Work required:
Would you please transcribe the data in full and exactly, excluding images?
____ Dataset section
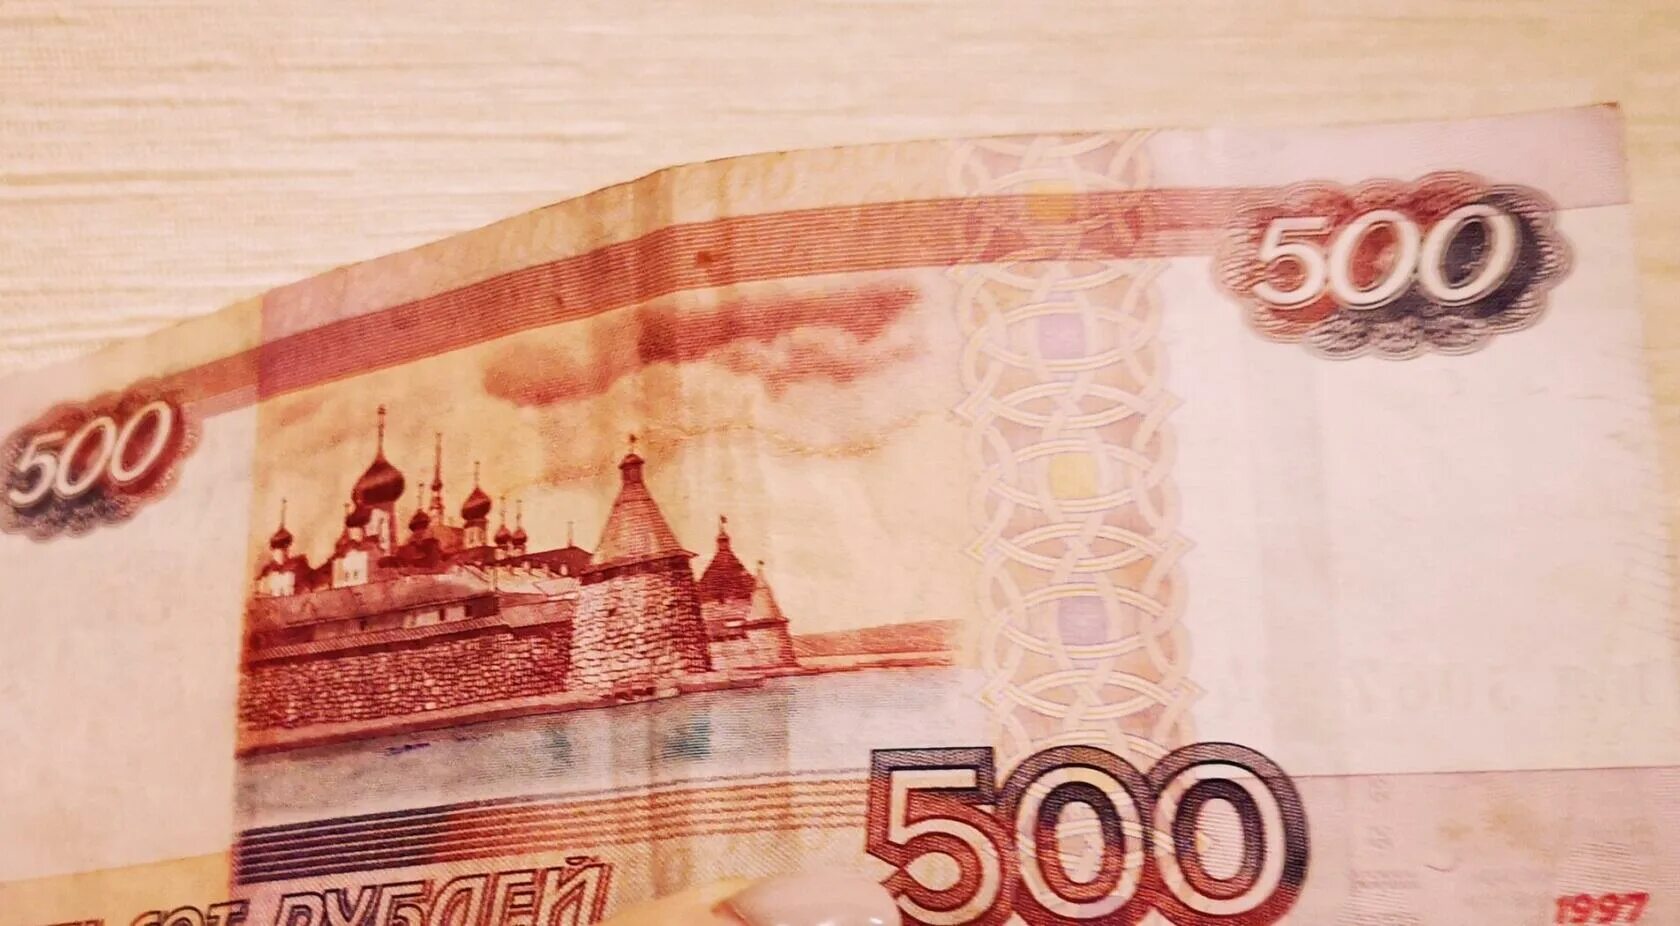 Про 500 рублей. 500 Рублей картинка. Фотографию за 500 рублей. Фото с 500 рублевыми картинками для фона. Ретро 500 руб.
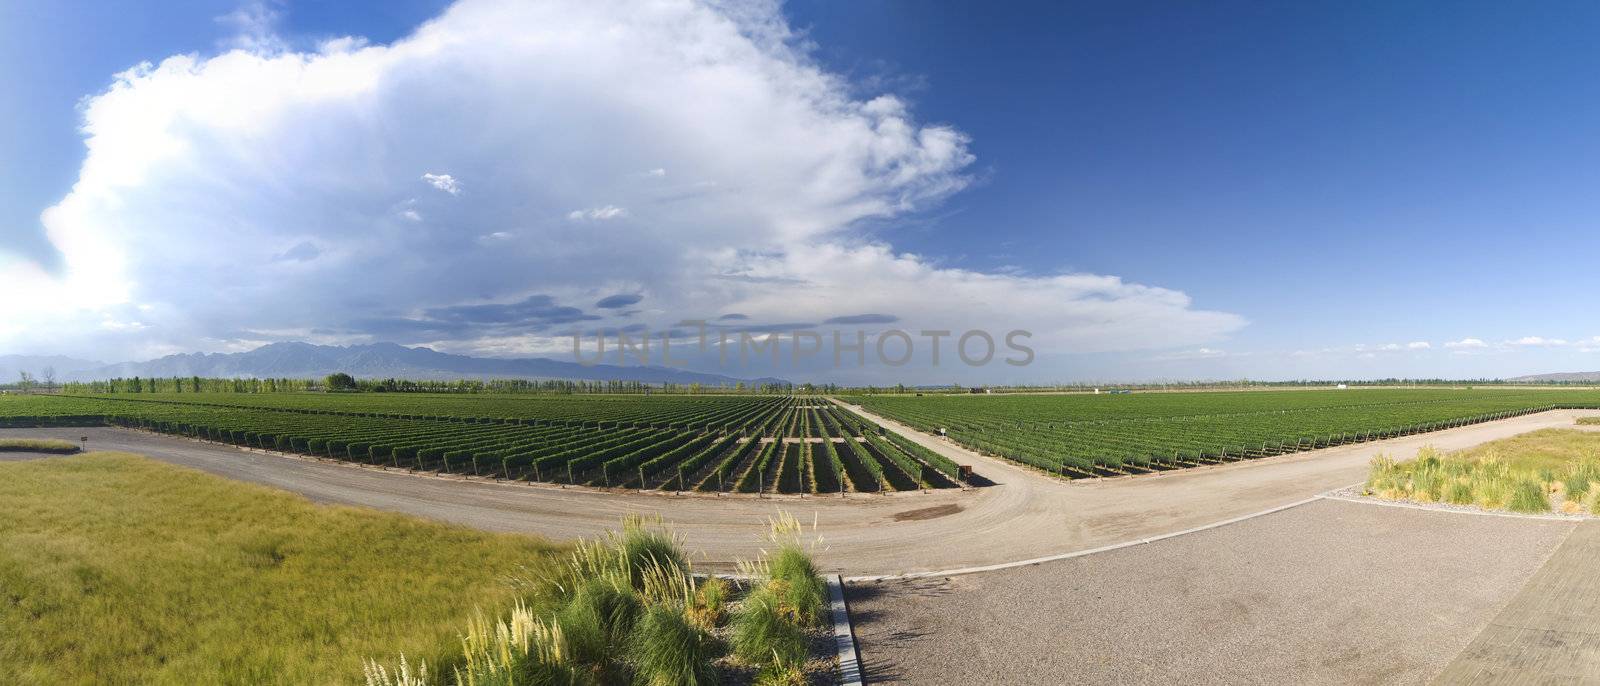 Panorama of a large vineyard  in Mendoza, Argentina.
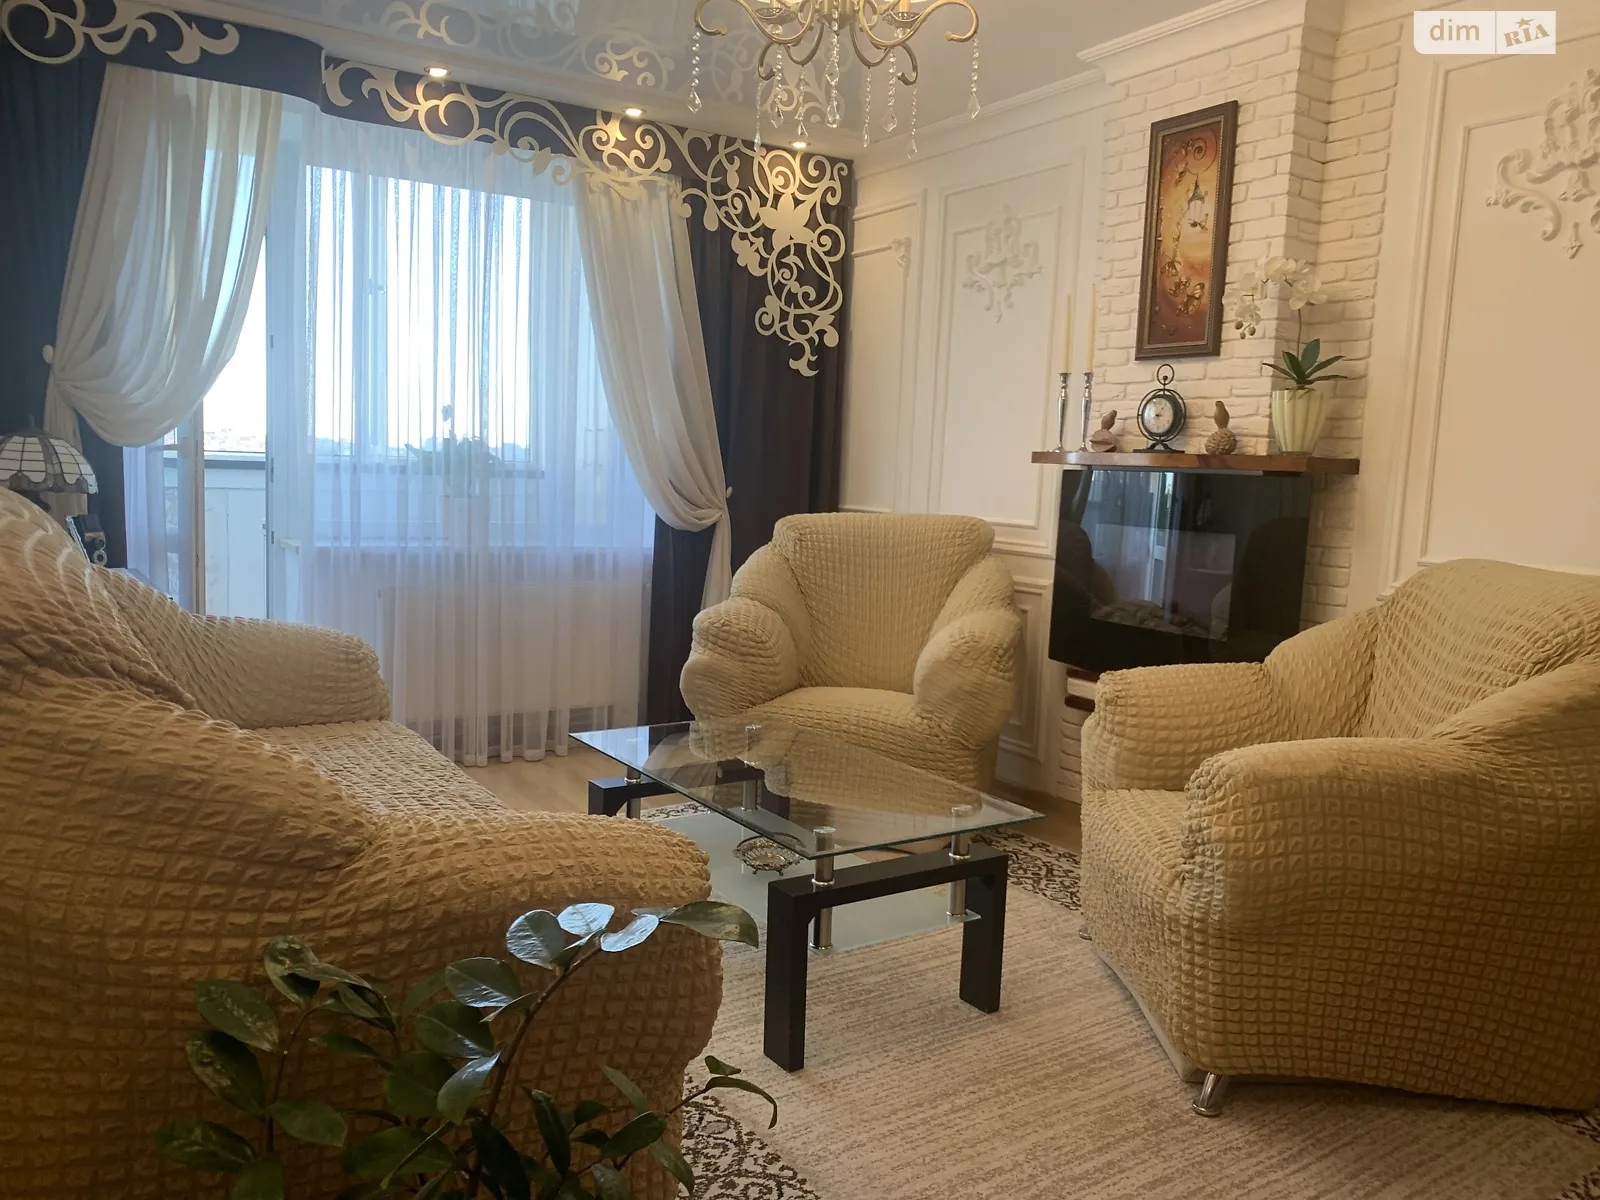 2-кімнатна квартира 49 кв. м у Тернополі, цена: 52000 $ - фото 1
________
Solved exercise:
 Про 500 рублей. 500 Рублей картинка. Фотографию за 500 рублей. Фото с 500 рублевыми картинками для фона. Ретро 500 руб.
 Panorama of a large vineyard  in Mendoza, Argentina.
 2-кімнатна квартира 49 кв. м у Тернополі, цена: 52000 $ - фото 1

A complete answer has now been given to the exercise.